1 . Rail / point heater (3), which has a geothermal probe (4) and can be heated by geothermal energy, the rail / point heater (3) with a rail (1) or switch (2) can be brought into heat-transfer contact heat exchanger plate (5) and a geothermal probe (4) connected thereto and penetrating into the subsurface, characterized in that the heat exchanger plate (5) comprises an upper cover layer (8), a lower cover layer (9) and an intermediate layer (10) arranged therebetween.

2. rail / point heater according to claim 1,

characterized,

that in the geothermal probe (4) and the heat exchanger plate (5) at least one condensate and steam channel (6) is arranged, so that a heat transfer medium, in particular a refrigerant, can circulate in the manner of a heat pipe or a thermosyphon.

3. rail / point heater according to claim 1 or 2,

characterized,

the upper cover layer (8), the lower cover layer (9) and / or the intermediate layer (10) are formed from sheet metal.

4. rail / point heater according to one of claims 1 to 3,

characterized, the intermediate layer (10) has flow channels (1 1) for the heat transfer medium.

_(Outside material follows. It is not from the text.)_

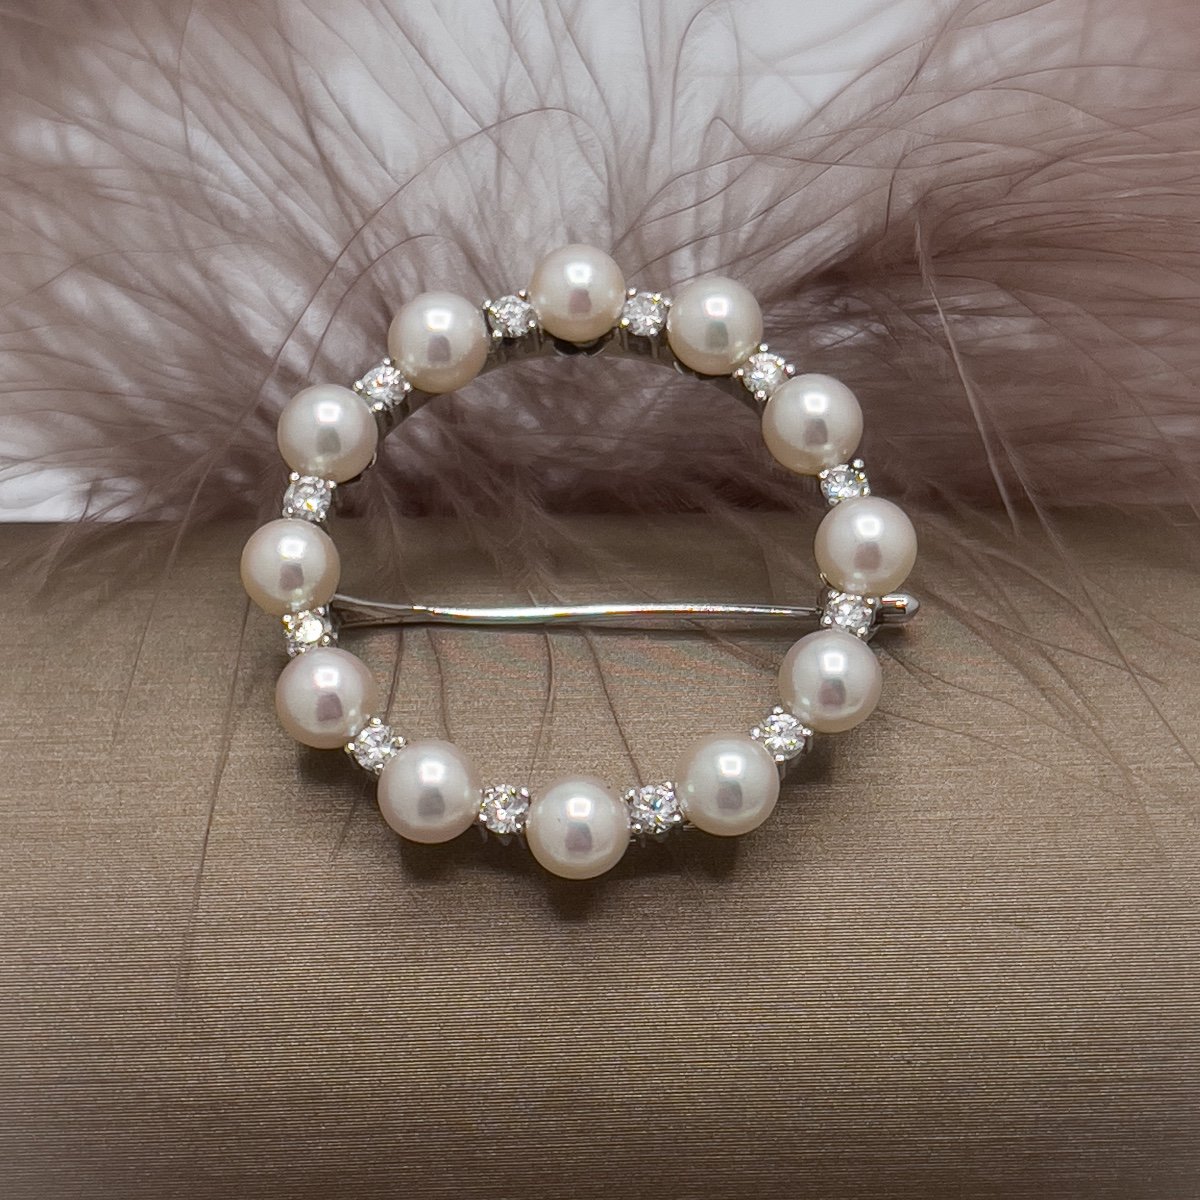 White Gold Round Brooch Set With Diamonds And Cultured Pearls

5. rail / point heater according to claim 4,

characterized,

that side walls of the flow channels (1 1) are formed by recesses of the material of the intermediate layer (10).

6. rail / point heater according to one of claims 1 to 5,

characterized,

that the heat exchanger plate (5) is flat and flat and can be brought by a Umformvorhang in a different shape.

7. rail / point heater according to one of claims 1 to 6,

characterized,

the heat exchanger plate (5) is of stepped design and connected at the lowest point to the geothermal probe (4).

8. rail / point heater according to one of claims 1 to 7,

characterized,

that the geothermal probe (4) in the intermediate layer (10) inserted and with the upper cover layer (8) connected, in particular soldered, collar (12).

9. rail (1) or switch (2) with a rail / point heater (3) according to one of claims 1 to 8, wherein the heat exchanger plate (5) has a to the rail / turnout (1, 2) adapted shape and heat transfer connected to this.